第一章9 〈それで? どこに付けるんだ?〉

しおりを挟む
「俺様のワラ買い忘れるなんて信じられない奴らだぜ」


 アルモンティアでワラを買い忘れたので、ジロにネチネチ怒られている。

「後で村行って買ってくるからさ。いい加減許してくれよ」

 今日はモヤのバルガスさんに頼んだ看板を受け取りに行く日だ。
 ワラを必ず買うと伝えて、何とか許してもらう。

 マスコは土人形の身体から、西洋人形の身体に乗り換えてマスコ・スペシャルとなり、かなりのご機嫌な様子だ。

『この身体ならば、エンドレスサマーがオープンしても上手くやっていけそうです』

 ……俺からしたら西洋人形が動いて喋るのは、かなりホラーなんだけど、胸にしまっておいた。


「そうそう言い忘れてたけど、マスコがこのダンジョンのマスターコアである事は、俺とリリルとタロ、ジロの間だけの秘密だからな。
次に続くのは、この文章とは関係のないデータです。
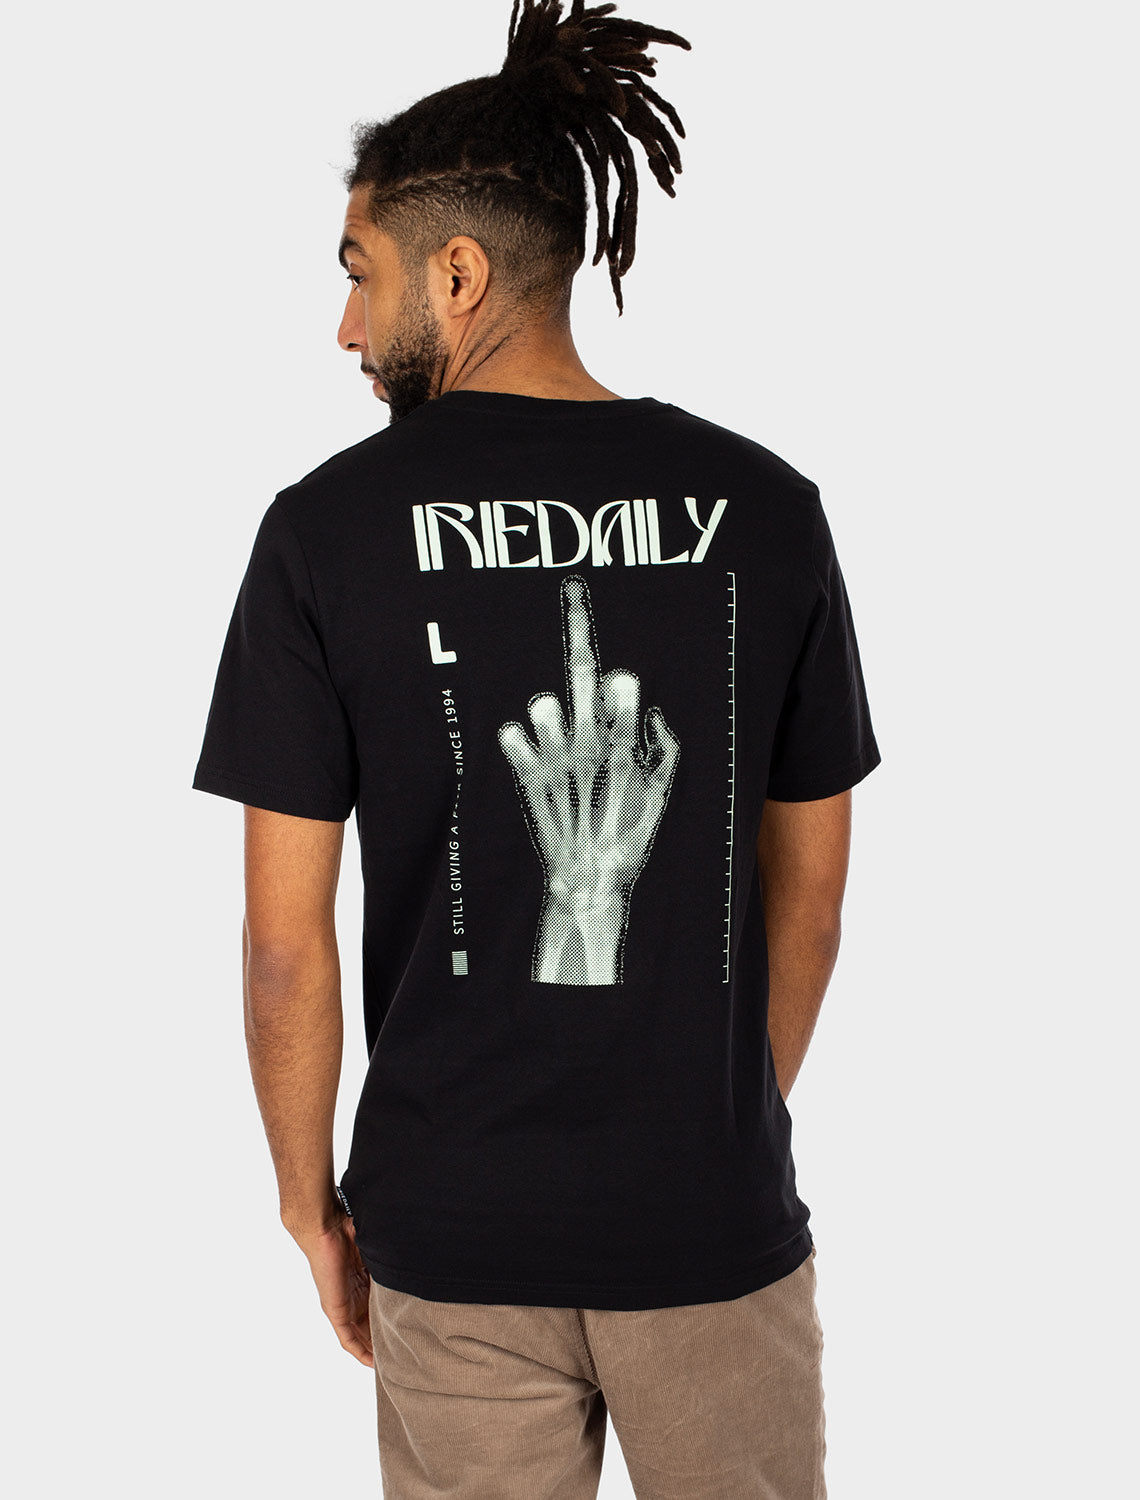 Iriedaily Rayfinger T-Shirt - Black

うっかり口外しないでくれよ」
「それもそうね。マスターコアが目の前にあったら悪さする奴がいてもおかしくないからね」
「オイラは大丈夫だぞ! マスコとは友達だからな!」
「俺様もわざわざリスクを冒さねーよ。それよりワラ忘れんなよ!」

『皆さん本当にありがとうございます。マスターコアの私を、本当の仲間のように扱ってくださり、本物の命を手に入れたように錯覚してしまいます』

 よく考えてみれば、マスコって何なんだろうな。
 ダンジョンのマスターコアに搭載されてるAIみたいな存在なんだろうけど、エンドレスサマーの経営に積極的に関わってくれているし。
 本来はダンジョンマスターをサポートするだけの存在だろうに。
 いや……ダンジョンマスターである俺の方向性がおかしいから必死にサポートしてくれてるのか?
 よく分からんくなってきたな……まあ、何はともあれマスコは俺たちの大事な仲間である事は間違いない。
 だからこそ早く、よりリアルな身体をプレゼントしてあげたいと思う。


 そうそう、マスコからの報告で知ったんだけど、このエンドレスサマーに冒険者と思われる人達がちょくちょく来ているらしいんだ。
 現在は入り口すぐのところで行き止まりにしてあるから、すぐ諦めて帰って行っているらしいけど、生まれたてのダンジョンを攻略しようと集まって来ているみたいだ。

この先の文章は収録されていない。